1. PAYMENT OF LOSSES:
The
proceeds of an insurance policy benefit everyone by restoring the insured
person or organization to the same financial condition as before the loss and
preventing the loss from rippling out and affecting others negatively.
2. ECONOMIC GROWTH:
The
insurance industry plays an important role in the nation's economy. It is
second only to the commercial banking industry as a source of investment
funds because insurance companies invest the billions of the premium dollars
they receive annually in a wide range of investments.
Insurance
companies use premiums collected from policyholders to
• pay for
claims;
• pay for
cost of doing business; and
• build
cash reserves for future loss payments.
Cash
reserves are invested in federal and municipal bonds that are used to build roads,
schools and utilities. Reserves are also invested in commercial developments and
the stock market. These investments promote economic growth in communities and
support the insurance company’s requirement of maintaining sufficient capital reserves
to pay future losses and earn a profit.
3. LOSS PREVENTION:
Insurance also benefits society by encouraging activities and devices
that reduce the amount of losses and their economic impact.

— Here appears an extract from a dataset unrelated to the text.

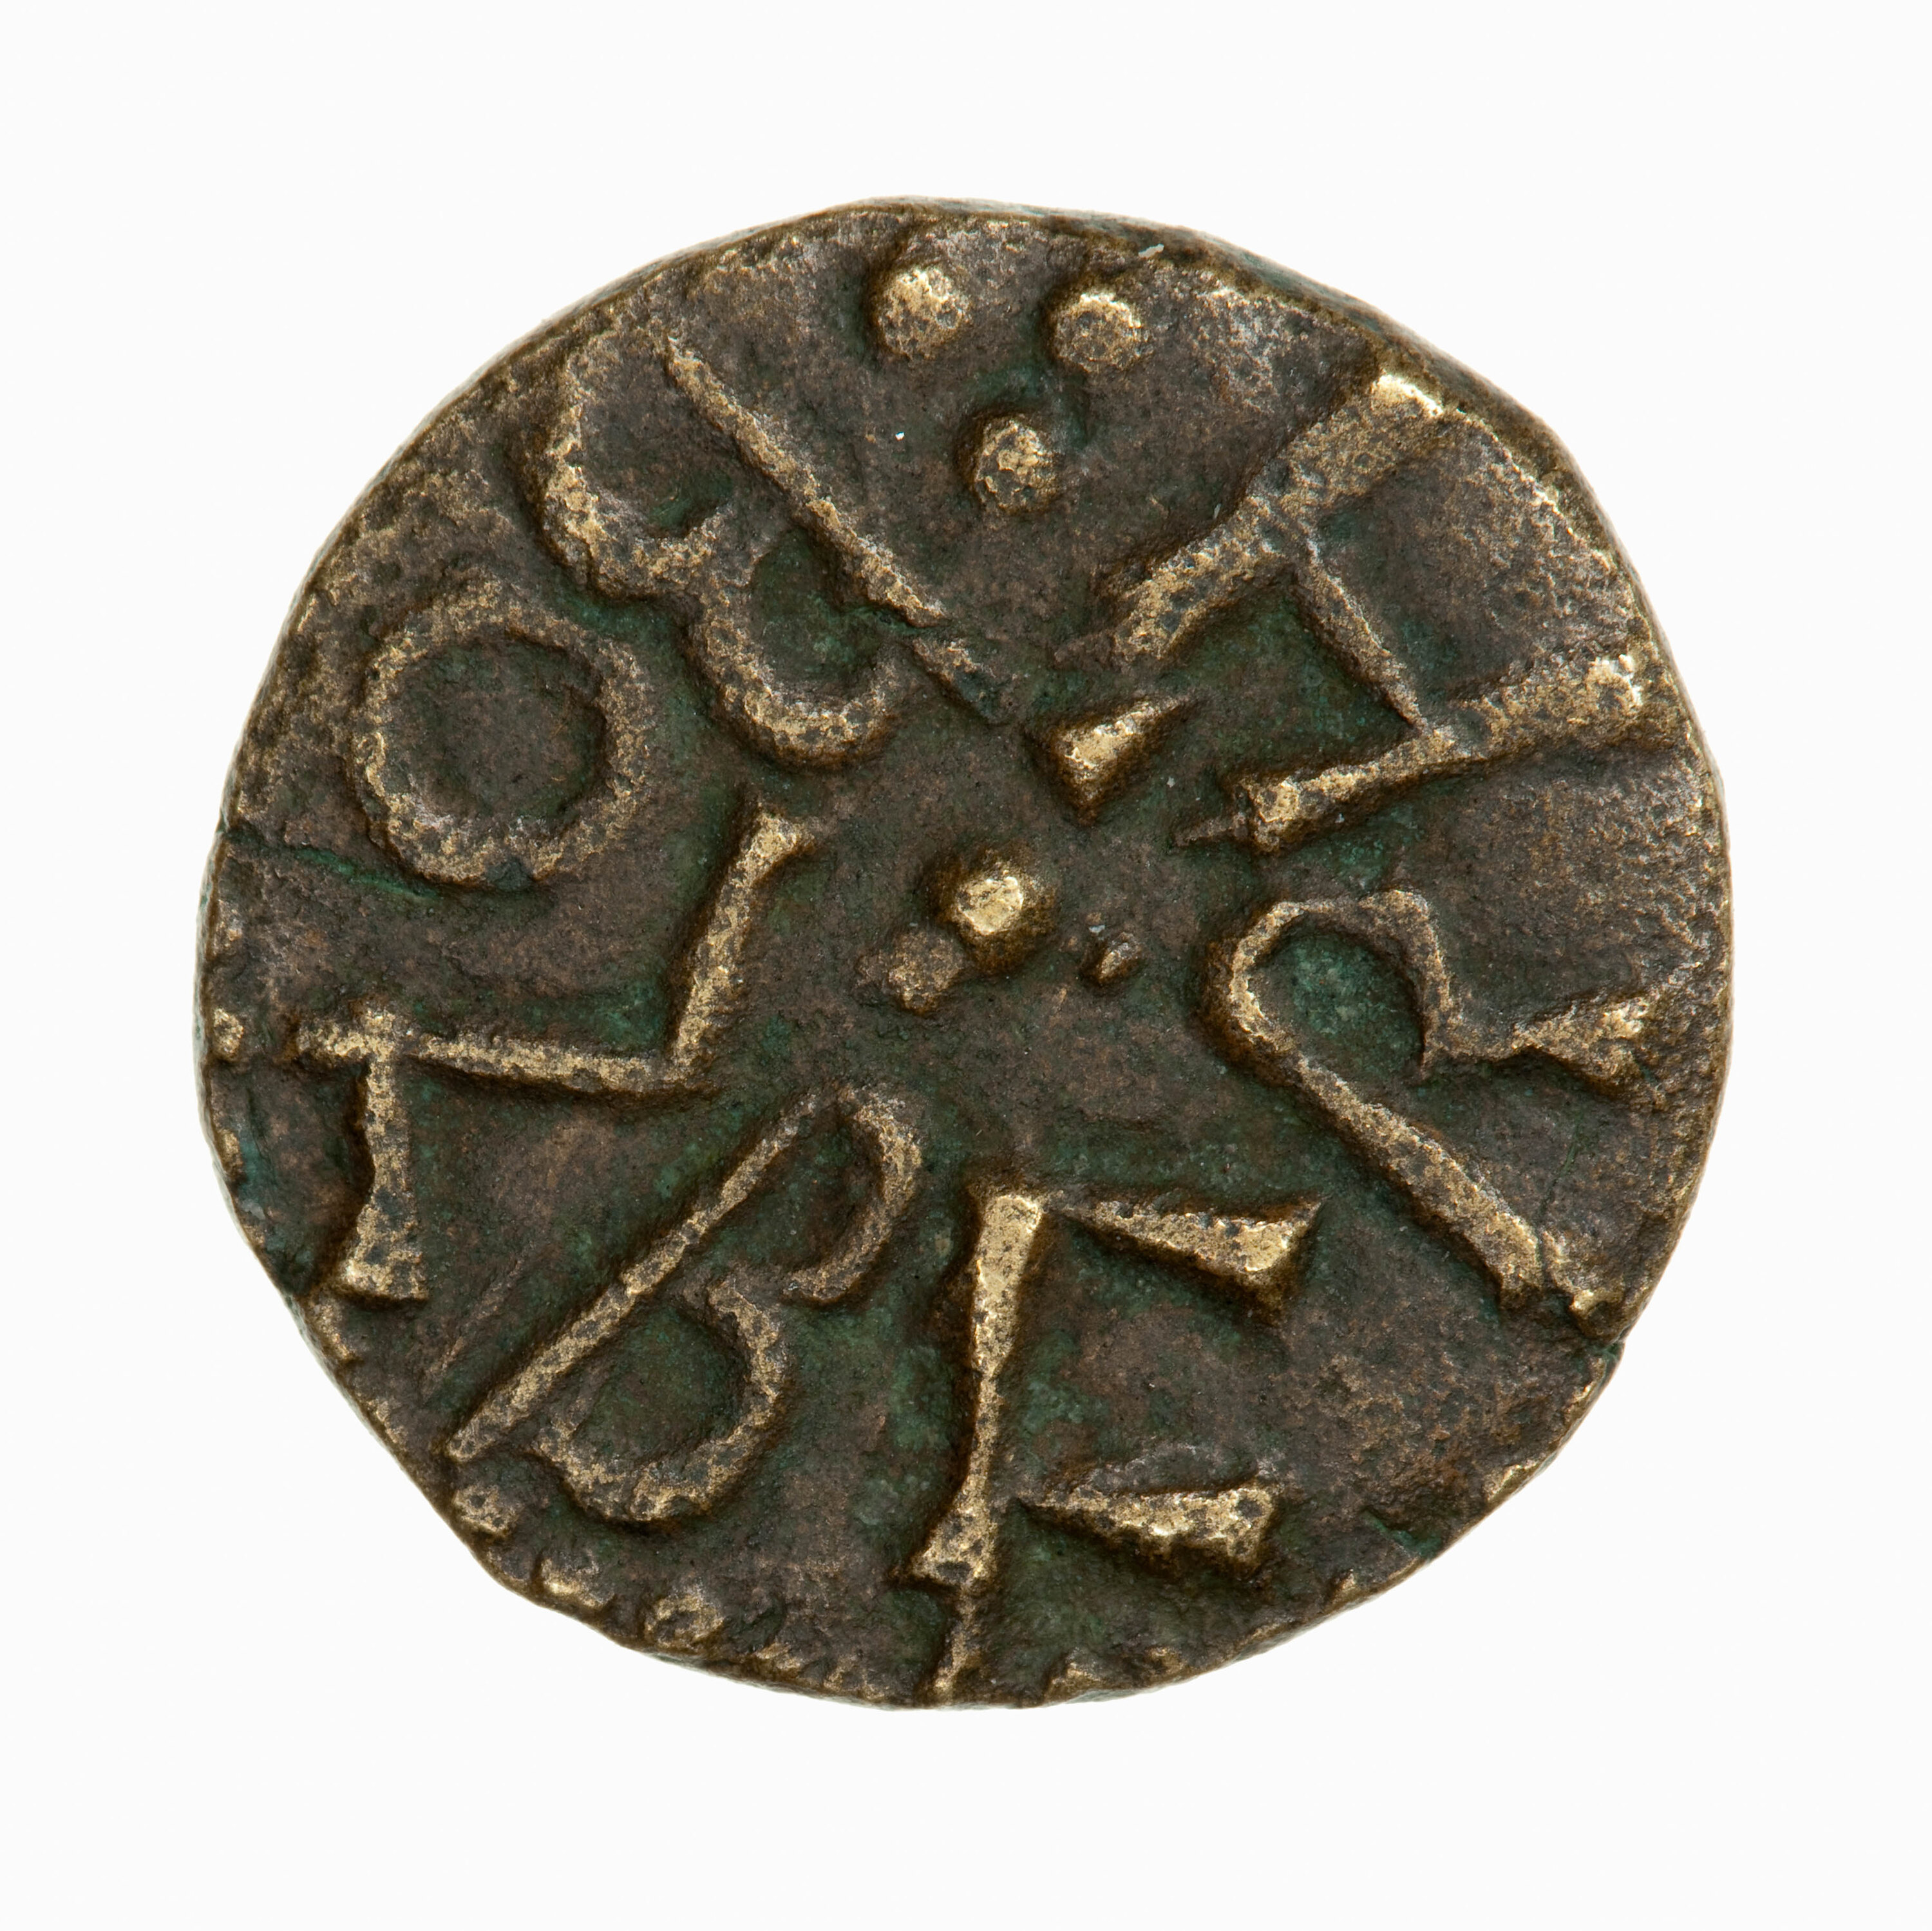 Styca, Osberht, Northumbria, England, 849-867 - Coin
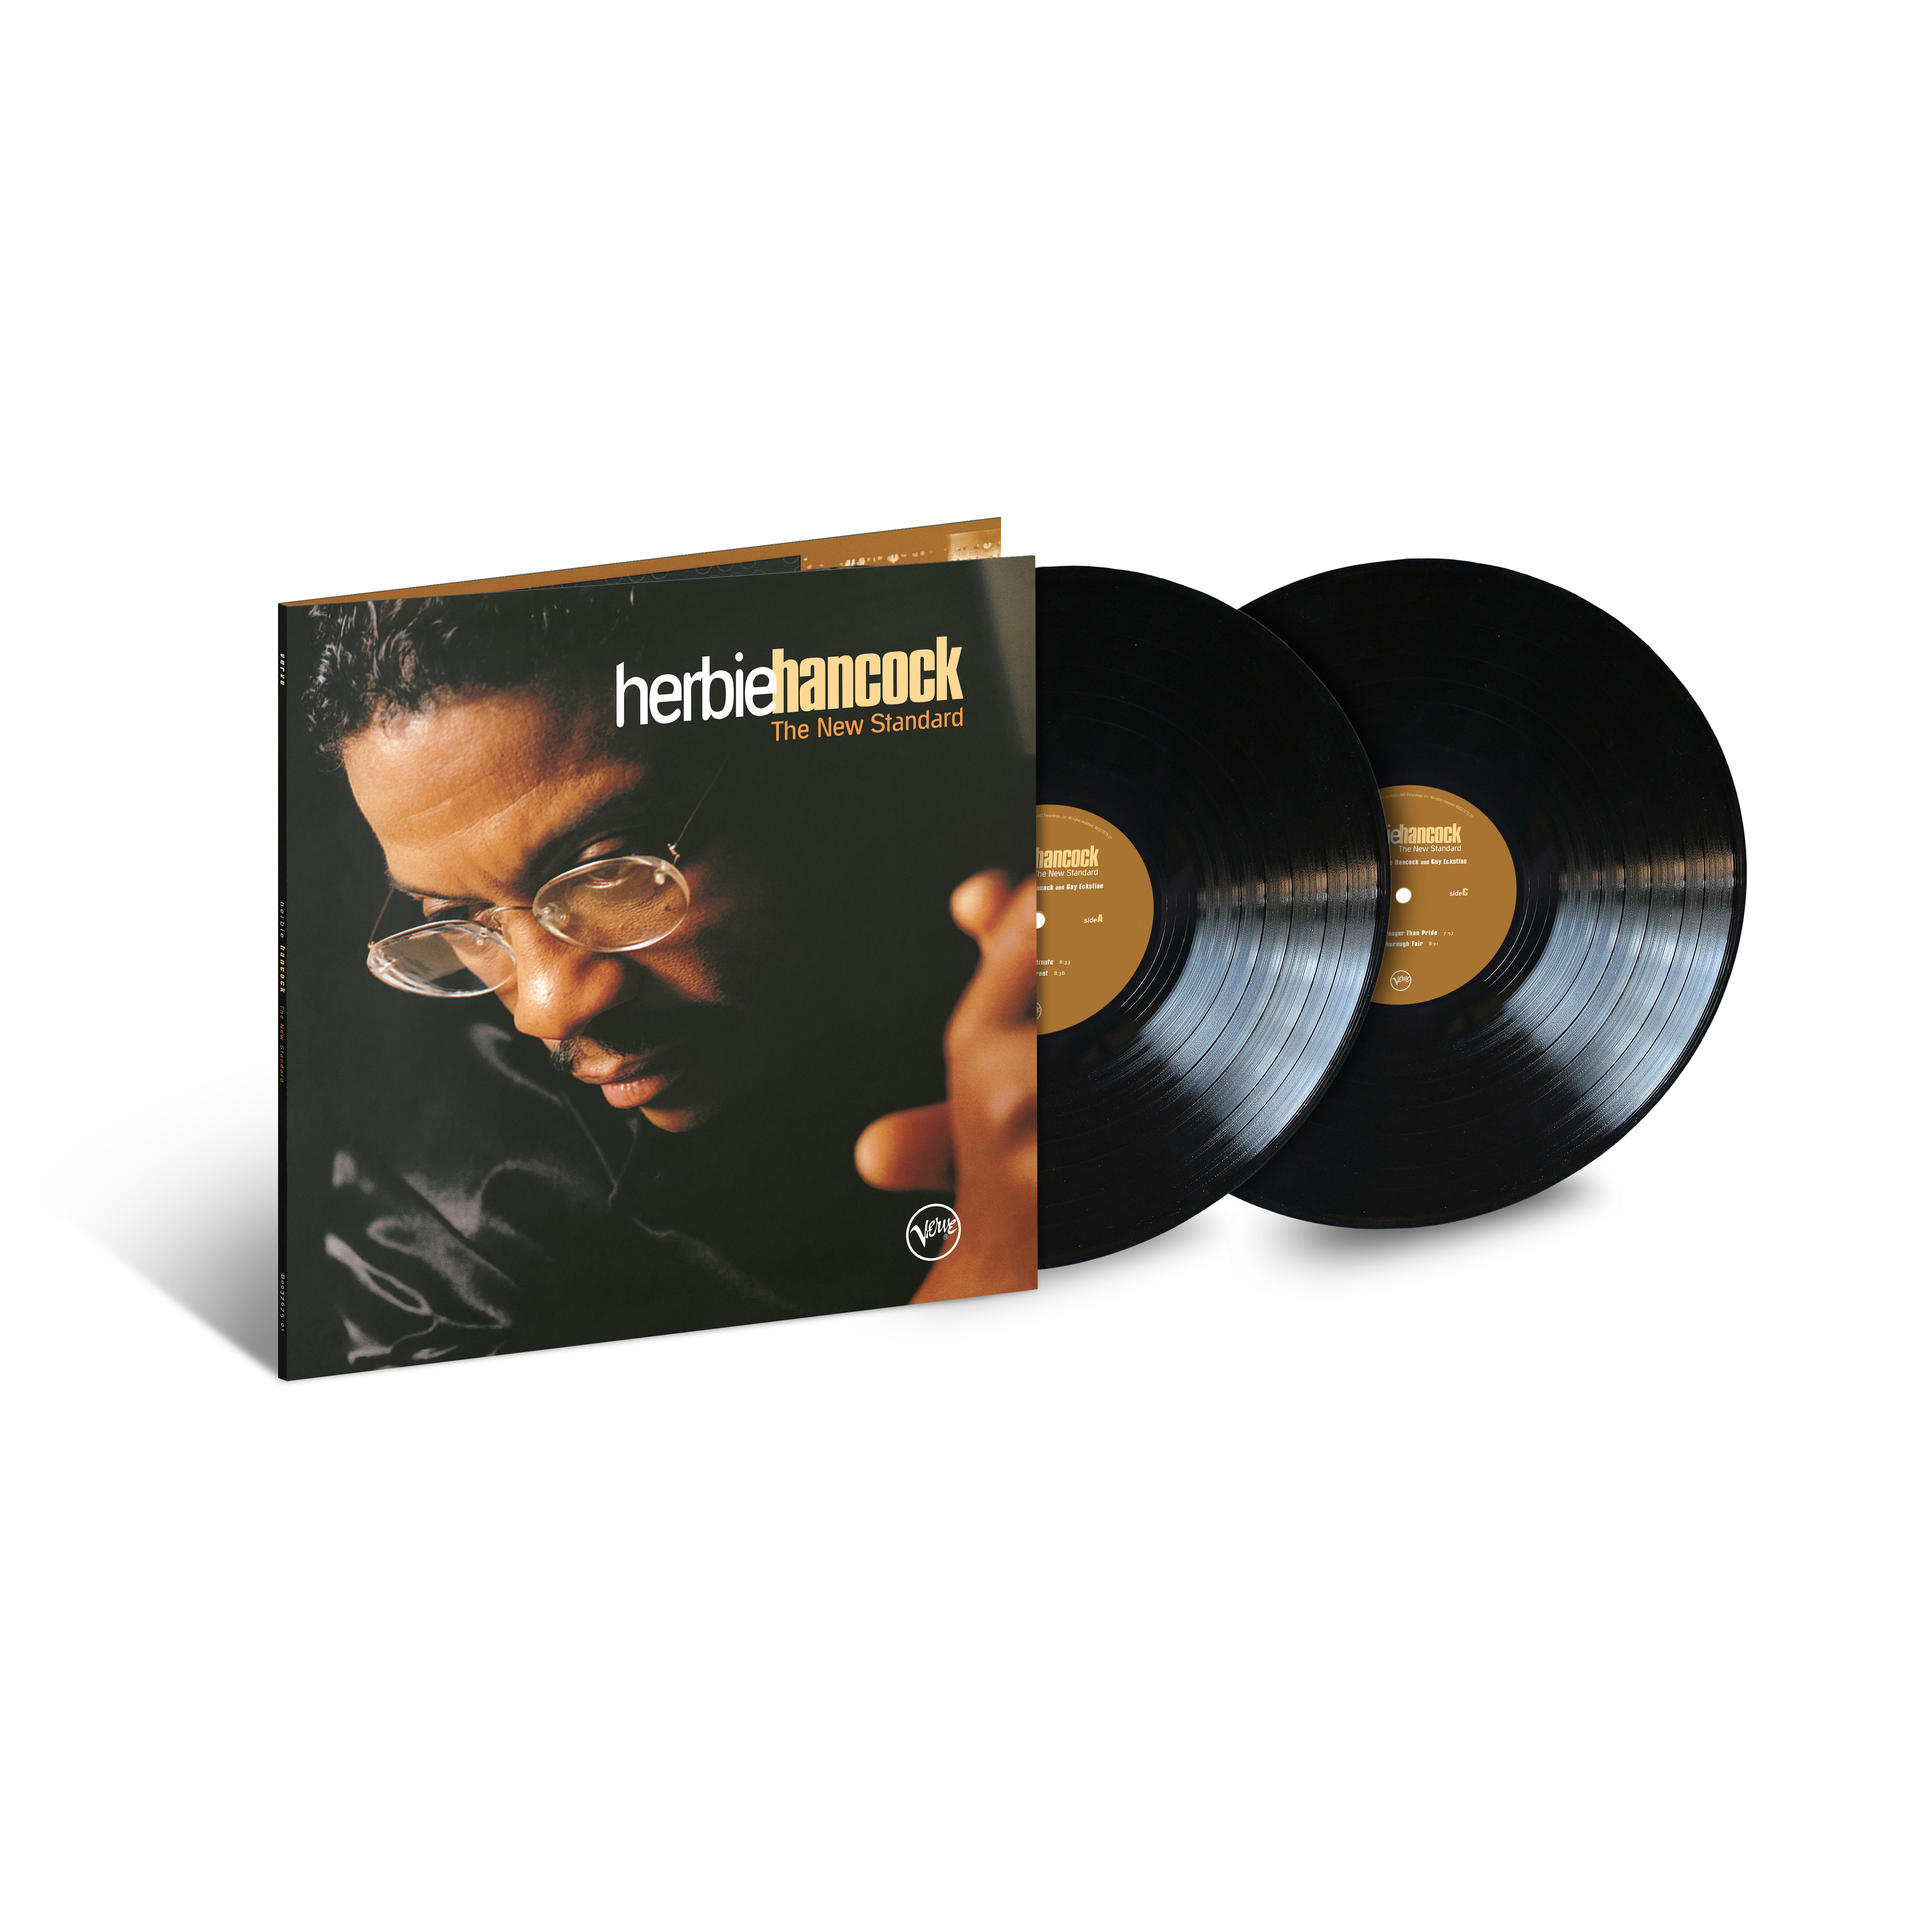 By Standard The - (Verve Herbie Request) (Vinyl) - New Hancock

Seat belts and other passive restraints in automobiles significantly
reduce the extent of injuries suffered by vehicle occupants involved in
auto accidents. Insurance companies were a major force behind
requiring seat belts as standard equipment in all vehicles.
4. CREDIT SUPPORT:
Banks and
credit institutions rely on insurance to make sure they can recover loans if
disaster occurs. Insurance allows borrowers to guarantee creditors that their investment
is protected against disasters.
Insurance
protects:
• The value of property from unforeseen disasters; and
• A client's ability to pay back loans if illness or premature death
occurs.
5. PEACE OF MIND:
It gives the insured rest of mind in
case of any losses. (Natural or unnatural).